» Aim of the exercise
Every line from the one containing "Ferragamo Leather Backpack" to the one containing "Image de produit" in the records below, both included, must be set down exactly, and no other line.

- - - -

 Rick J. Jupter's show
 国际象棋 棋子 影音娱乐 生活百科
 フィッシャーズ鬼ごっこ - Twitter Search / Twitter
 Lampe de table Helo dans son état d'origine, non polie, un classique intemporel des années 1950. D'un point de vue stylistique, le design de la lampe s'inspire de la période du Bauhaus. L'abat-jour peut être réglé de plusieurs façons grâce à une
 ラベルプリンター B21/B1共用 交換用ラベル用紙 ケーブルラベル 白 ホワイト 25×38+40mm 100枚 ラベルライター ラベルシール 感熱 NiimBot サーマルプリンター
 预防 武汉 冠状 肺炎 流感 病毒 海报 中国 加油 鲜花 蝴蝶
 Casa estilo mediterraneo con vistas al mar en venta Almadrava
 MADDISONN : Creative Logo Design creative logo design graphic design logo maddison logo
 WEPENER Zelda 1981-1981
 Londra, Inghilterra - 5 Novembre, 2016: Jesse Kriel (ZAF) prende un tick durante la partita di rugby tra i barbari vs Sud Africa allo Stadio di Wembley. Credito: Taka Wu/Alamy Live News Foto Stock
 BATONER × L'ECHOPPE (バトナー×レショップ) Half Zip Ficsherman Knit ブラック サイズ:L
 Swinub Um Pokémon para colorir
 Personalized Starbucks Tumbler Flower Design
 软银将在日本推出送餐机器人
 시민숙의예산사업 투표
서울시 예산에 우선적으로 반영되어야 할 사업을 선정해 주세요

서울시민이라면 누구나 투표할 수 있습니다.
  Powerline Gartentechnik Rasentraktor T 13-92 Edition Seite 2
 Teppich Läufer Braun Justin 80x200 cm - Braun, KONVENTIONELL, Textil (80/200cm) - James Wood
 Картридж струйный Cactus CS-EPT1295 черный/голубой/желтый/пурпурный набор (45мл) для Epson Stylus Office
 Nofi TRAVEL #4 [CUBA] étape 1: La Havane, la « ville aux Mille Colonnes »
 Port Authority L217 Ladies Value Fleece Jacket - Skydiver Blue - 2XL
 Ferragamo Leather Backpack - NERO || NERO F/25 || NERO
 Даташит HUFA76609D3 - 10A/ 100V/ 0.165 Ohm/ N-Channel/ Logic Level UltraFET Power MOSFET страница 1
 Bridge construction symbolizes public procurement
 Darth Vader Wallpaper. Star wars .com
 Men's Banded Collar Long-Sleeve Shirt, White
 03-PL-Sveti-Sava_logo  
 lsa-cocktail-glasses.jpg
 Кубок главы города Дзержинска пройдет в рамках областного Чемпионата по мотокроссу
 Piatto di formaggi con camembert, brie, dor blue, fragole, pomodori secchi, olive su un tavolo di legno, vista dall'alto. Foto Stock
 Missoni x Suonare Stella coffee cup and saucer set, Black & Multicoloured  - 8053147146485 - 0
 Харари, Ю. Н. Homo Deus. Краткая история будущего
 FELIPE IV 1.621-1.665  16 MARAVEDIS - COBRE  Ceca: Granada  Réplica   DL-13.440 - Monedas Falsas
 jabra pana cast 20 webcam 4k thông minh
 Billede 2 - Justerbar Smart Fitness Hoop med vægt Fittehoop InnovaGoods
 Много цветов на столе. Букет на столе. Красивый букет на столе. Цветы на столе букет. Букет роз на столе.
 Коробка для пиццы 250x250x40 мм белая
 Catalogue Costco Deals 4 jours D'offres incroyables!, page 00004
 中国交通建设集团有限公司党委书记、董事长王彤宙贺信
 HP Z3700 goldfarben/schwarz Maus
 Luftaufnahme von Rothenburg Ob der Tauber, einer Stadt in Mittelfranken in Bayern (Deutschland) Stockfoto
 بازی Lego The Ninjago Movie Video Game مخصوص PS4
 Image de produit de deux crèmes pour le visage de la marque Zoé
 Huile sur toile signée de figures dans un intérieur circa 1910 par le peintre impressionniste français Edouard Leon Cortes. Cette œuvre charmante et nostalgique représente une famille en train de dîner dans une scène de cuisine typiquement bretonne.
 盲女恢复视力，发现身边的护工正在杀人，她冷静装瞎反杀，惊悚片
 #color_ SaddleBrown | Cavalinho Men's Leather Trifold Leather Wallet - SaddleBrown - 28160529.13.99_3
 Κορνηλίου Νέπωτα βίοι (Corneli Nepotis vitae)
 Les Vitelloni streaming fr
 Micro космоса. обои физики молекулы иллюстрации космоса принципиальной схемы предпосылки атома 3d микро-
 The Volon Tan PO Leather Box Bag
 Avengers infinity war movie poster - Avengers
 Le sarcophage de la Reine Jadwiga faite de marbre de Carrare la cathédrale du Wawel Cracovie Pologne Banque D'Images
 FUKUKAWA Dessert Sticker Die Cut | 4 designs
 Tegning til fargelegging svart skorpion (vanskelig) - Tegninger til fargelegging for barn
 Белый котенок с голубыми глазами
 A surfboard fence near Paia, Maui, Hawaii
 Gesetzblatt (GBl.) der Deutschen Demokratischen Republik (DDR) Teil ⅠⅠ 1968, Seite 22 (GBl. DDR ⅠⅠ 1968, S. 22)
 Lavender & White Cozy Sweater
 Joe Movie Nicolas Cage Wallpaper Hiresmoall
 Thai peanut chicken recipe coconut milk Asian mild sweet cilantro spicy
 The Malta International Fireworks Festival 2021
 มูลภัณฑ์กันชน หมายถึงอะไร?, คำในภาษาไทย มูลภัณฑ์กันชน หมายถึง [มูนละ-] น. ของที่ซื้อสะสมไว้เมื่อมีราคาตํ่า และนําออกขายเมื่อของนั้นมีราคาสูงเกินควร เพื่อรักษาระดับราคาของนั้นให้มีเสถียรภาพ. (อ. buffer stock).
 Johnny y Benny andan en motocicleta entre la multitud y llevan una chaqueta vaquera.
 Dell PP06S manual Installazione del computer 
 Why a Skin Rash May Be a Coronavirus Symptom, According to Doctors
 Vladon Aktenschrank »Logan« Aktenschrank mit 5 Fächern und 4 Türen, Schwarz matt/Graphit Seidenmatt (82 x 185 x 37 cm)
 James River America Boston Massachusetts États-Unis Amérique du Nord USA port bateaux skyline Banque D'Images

- - - -

» Task answer
 Ferragamo Leather Backpack - NERO || NERO F/25 || NERO
 Даташит HUFA76609D3 - 10A/ 100V/ 0.165 Ohm/ N-Channel/ Logic Level UltraFET Power MOSFET страница 1
 Bridge construction symbolizes public procurement
 Darth Vader Wallpaper. Star wars .com
 Men's Banded Collar Long-Sleeve Shirt, White
 03-PL-Sveti-Sava_logo  
 lsa-cocktail-glasses.jpg
 Кубок главы города Дзержинска пройдет в рамках областного Чемпионата по мотокроссу
 Piatto di formaggi con camembert, brie, dor blue, fragole, pomodori secchi, olive su un tavolo di legno, vista dall'alto. Foto Stock
 Missoni x Suonare Stella coffee cup and saucer set, Black & Multicoloured  - 8053147146485 - 0
 Харари, Ю. Н. Homo Deus. Краткая история будущего
 FELIPE IV 1.621-1.665  16 MARAVEDIS - COBRE  Ceca: Granada  Réplica   DL-13.440 - Monedas Falsas
 jabra pana cast 20 webcam 4k thông minh
 Billede 2 - Justerbar Smart Fitness Hoop med vægt Fittehoop InnovaGoods
 Много цветов на столе. Букет на столе. Красивый букет на столе. Цветы на столе букет. Букет роз на столе.
 Коробка для пиццы 250x250x40 мм белая
 Catalogue Costco Deals 4 jours D'offres incroyables!, page 00004
 中国交通建设集团有限公司党委书记、董事长王彤宙贺信
 HP Z3700 goldfarben/schwarz Maus
 Luftaufnahme von Rothenburg Ob der Tauber, einer Stadt in Mittelfranken in Bayern (Deutschland) Stockfoto
 بازی Lego The Ninjago Movie Video Game مخصوص PS4
 Image de produit de deux crèmes pour le visage de la marque Zoé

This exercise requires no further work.